Records supplied:
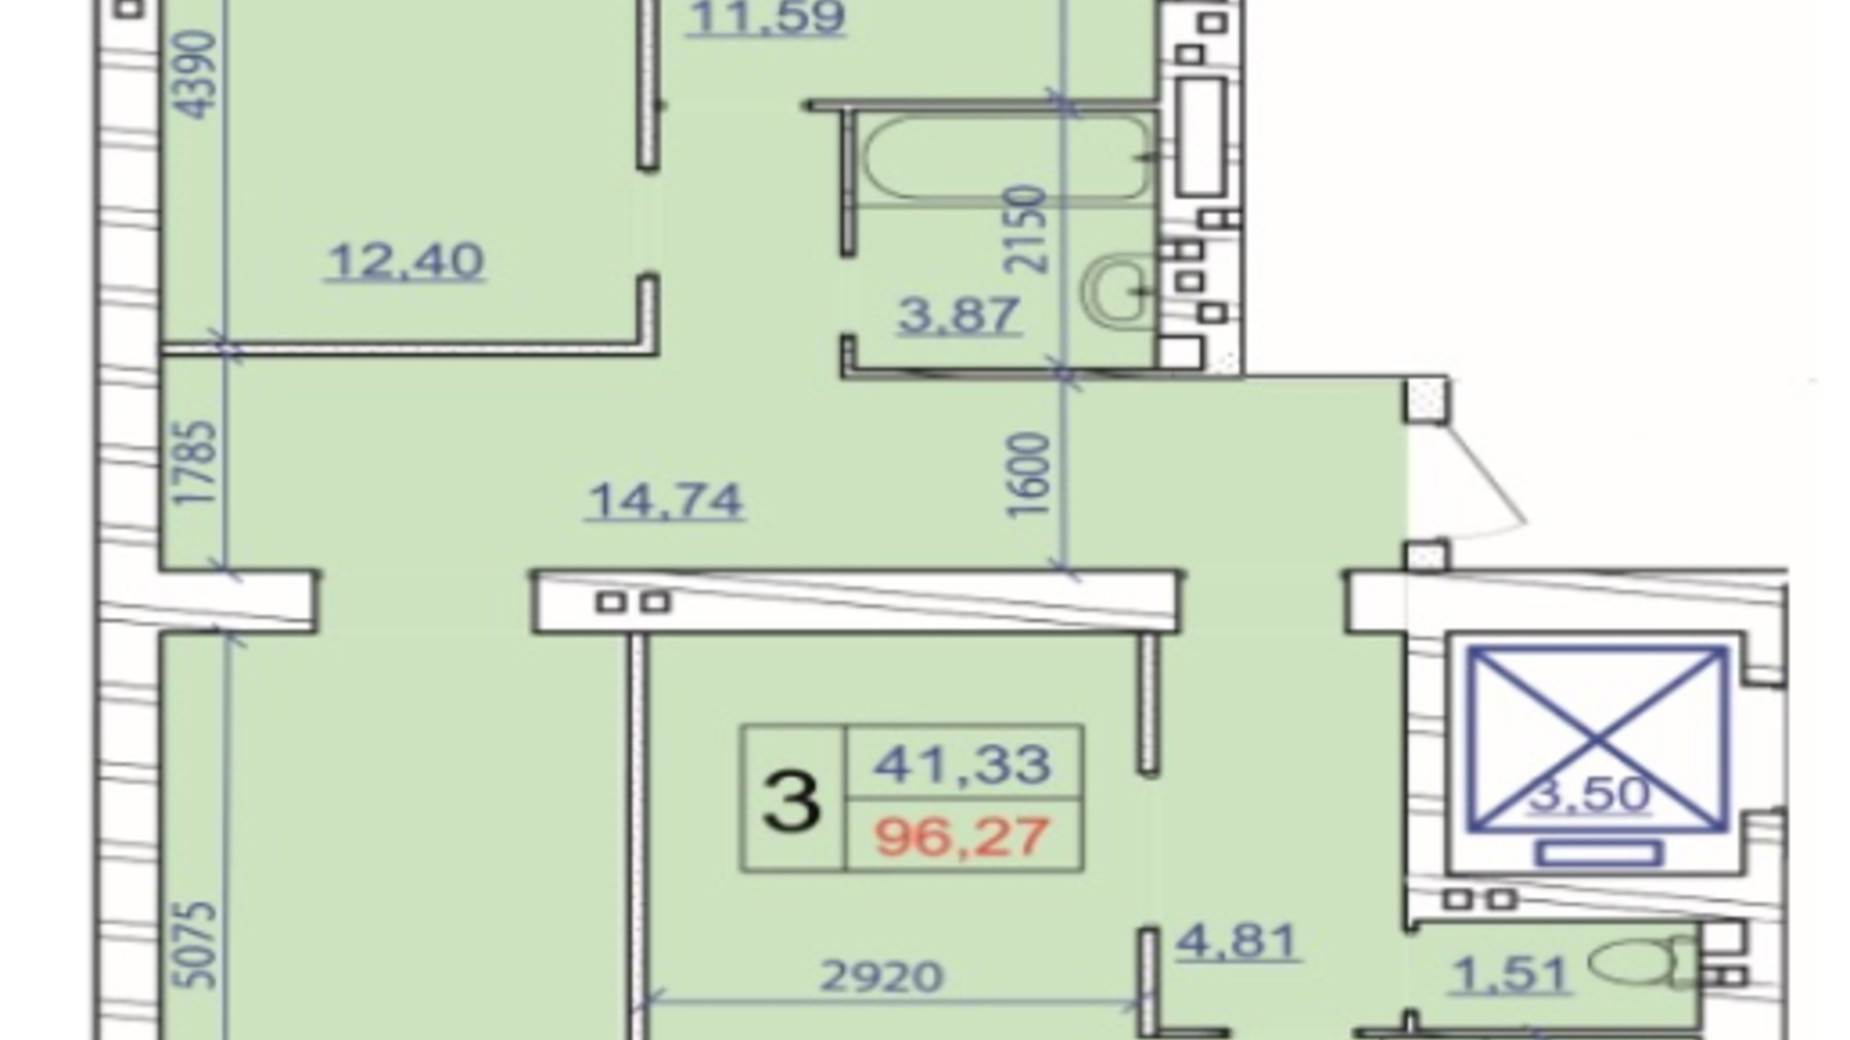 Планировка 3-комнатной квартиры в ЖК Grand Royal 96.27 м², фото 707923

* * *

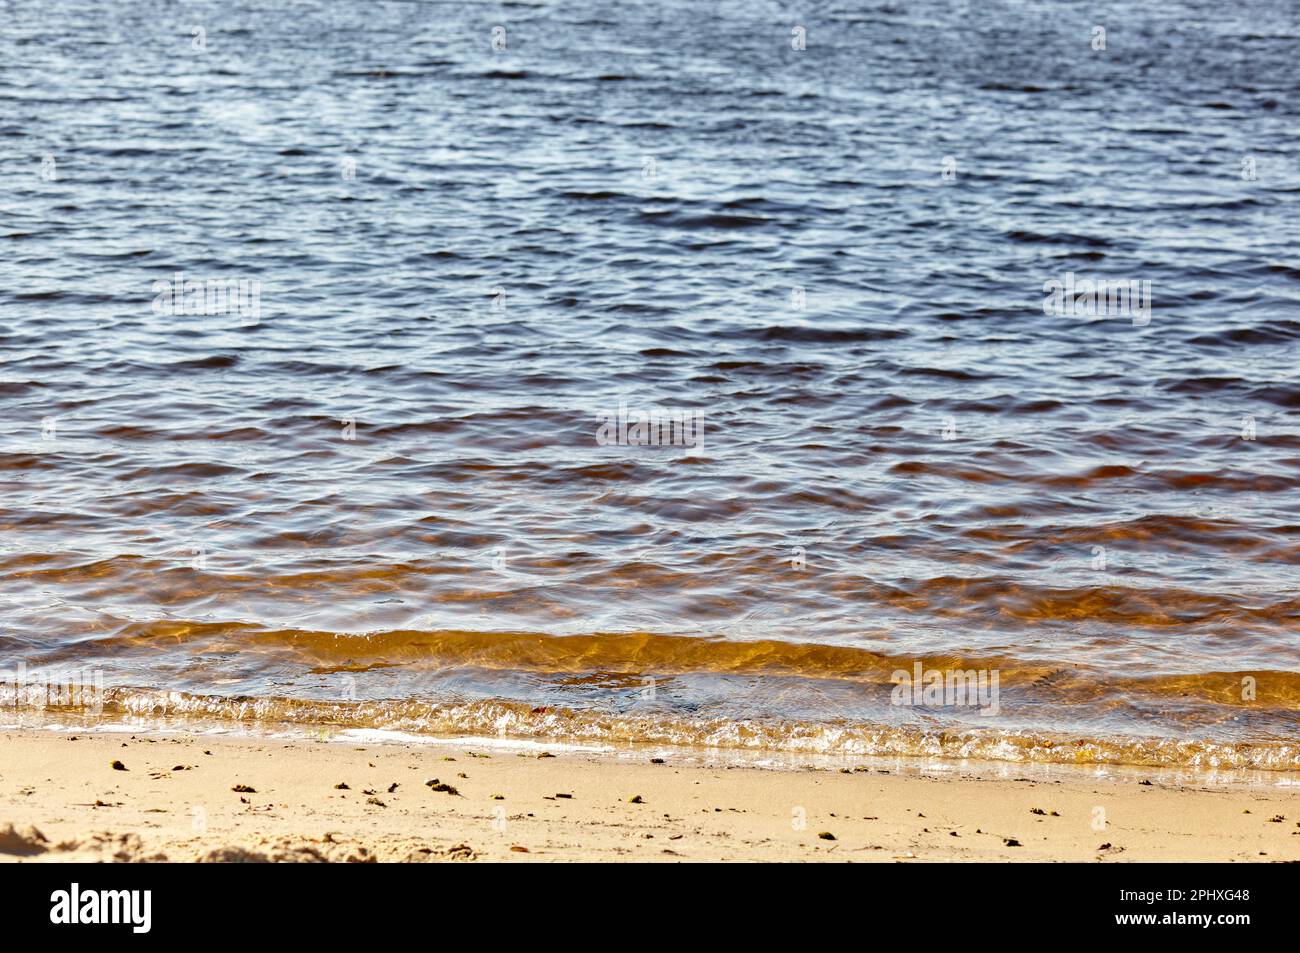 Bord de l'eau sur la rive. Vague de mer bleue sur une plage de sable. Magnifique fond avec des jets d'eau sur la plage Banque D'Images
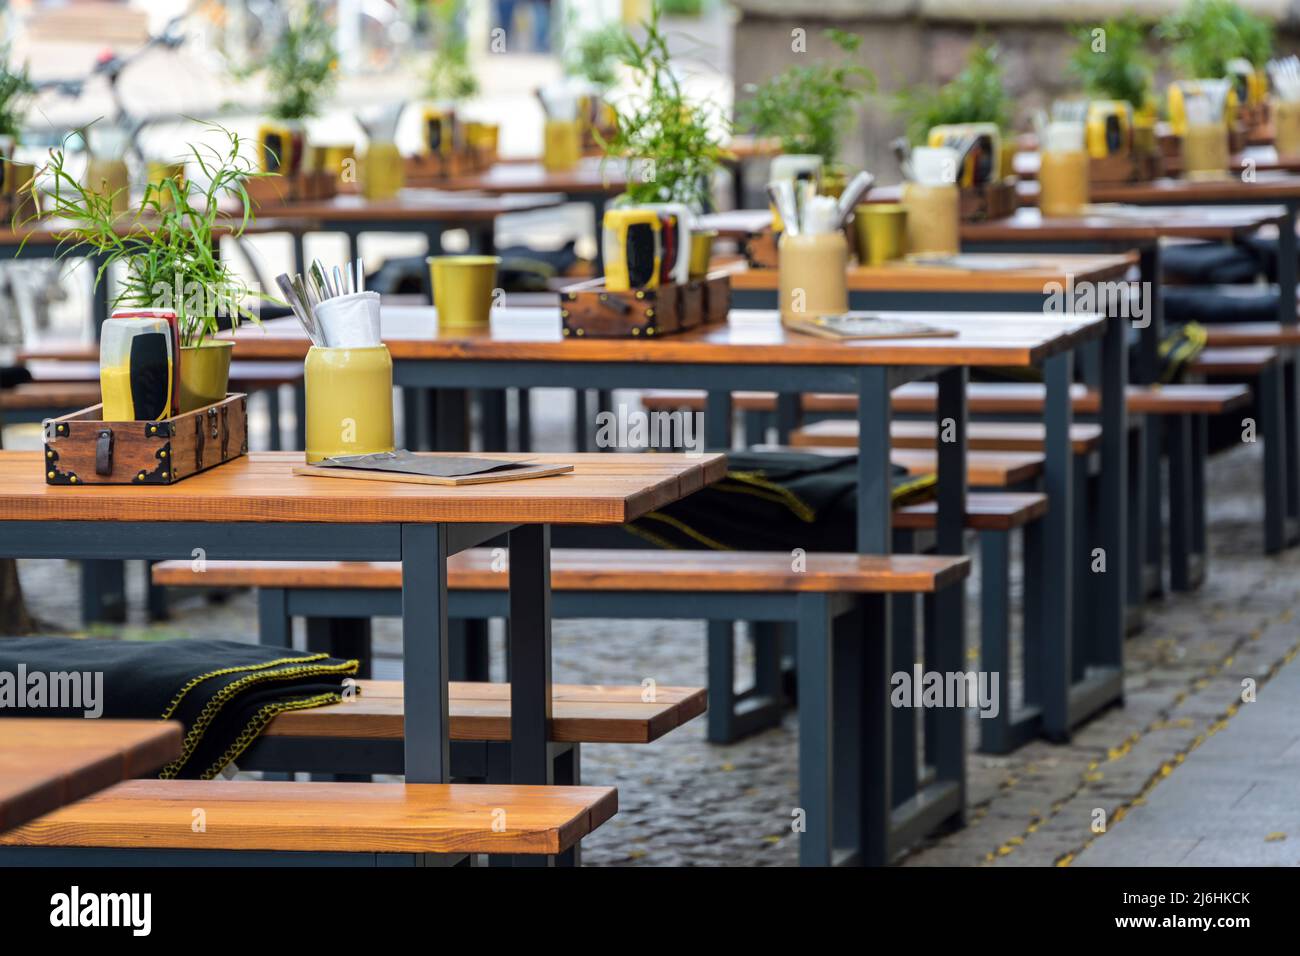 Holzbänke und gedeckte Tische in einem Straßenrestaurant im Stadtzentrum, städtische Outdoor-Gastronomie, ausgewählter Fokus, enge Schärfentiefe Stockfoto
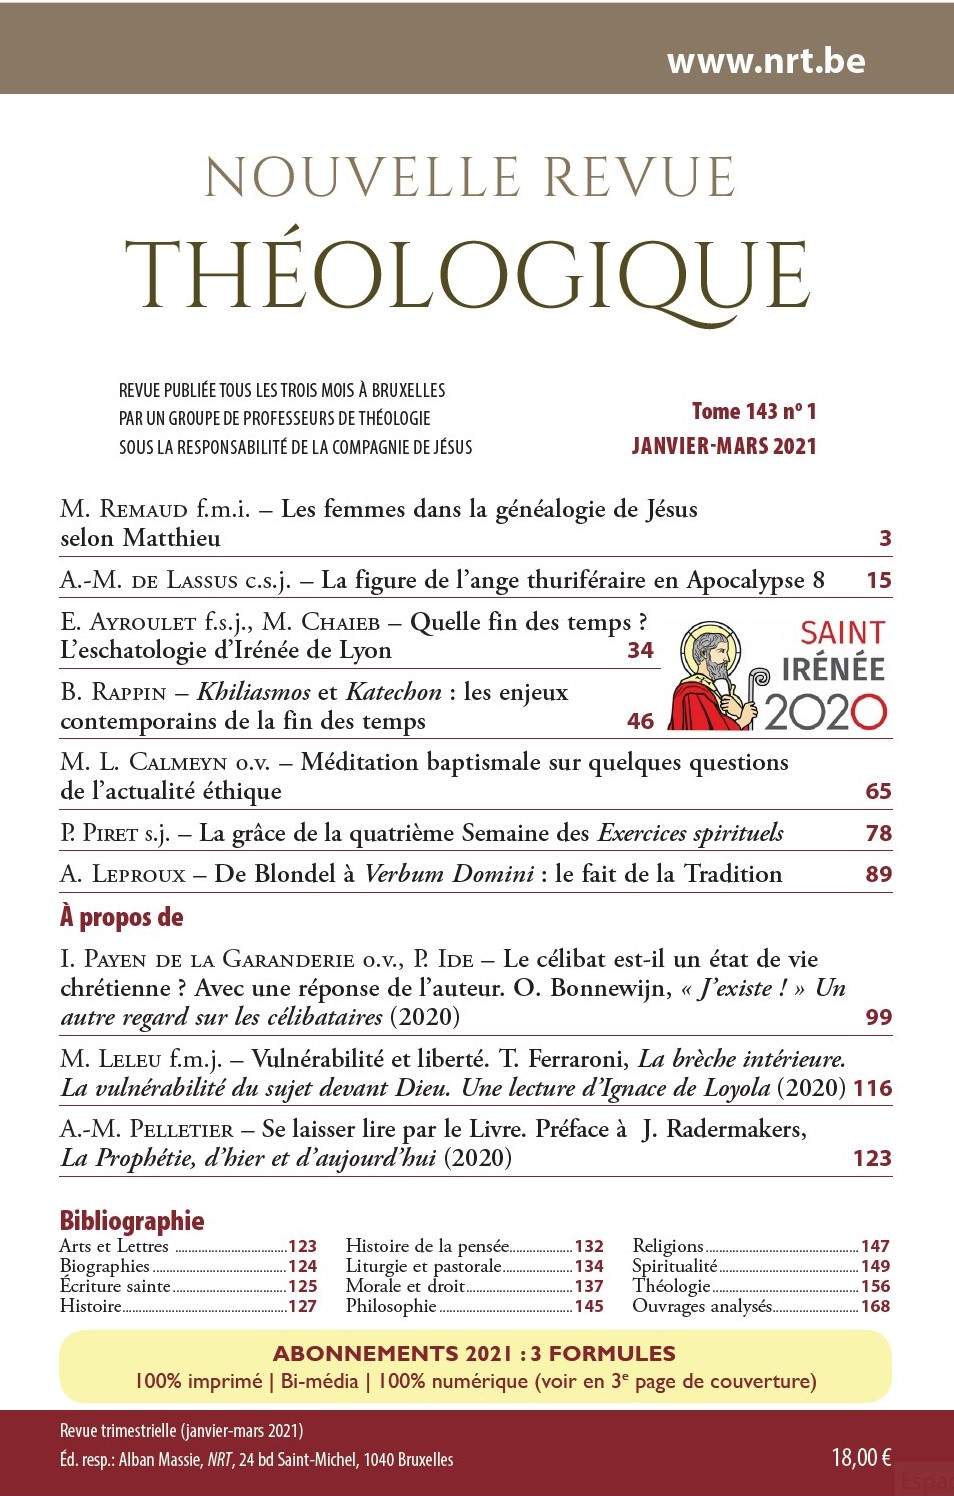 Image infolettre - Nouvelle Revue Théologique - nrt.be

Aim of the exercise: Transcribe, exactly and without pictures, everything in the data from the line with "Holzbänke und gedeckte" down to the line with "Image infolettre - Nouvelle", both included.

Your response:
 Holzbänke und gedeckte Tische in einem Straßenrestaurant im Stadtzentrum, städtische Outdoor-Gastronomie, ausgewählter Fokus, enge Schärfentiefe Stockfoto
 Image infolettre - Nouvelle Revue Théologique - nrt.be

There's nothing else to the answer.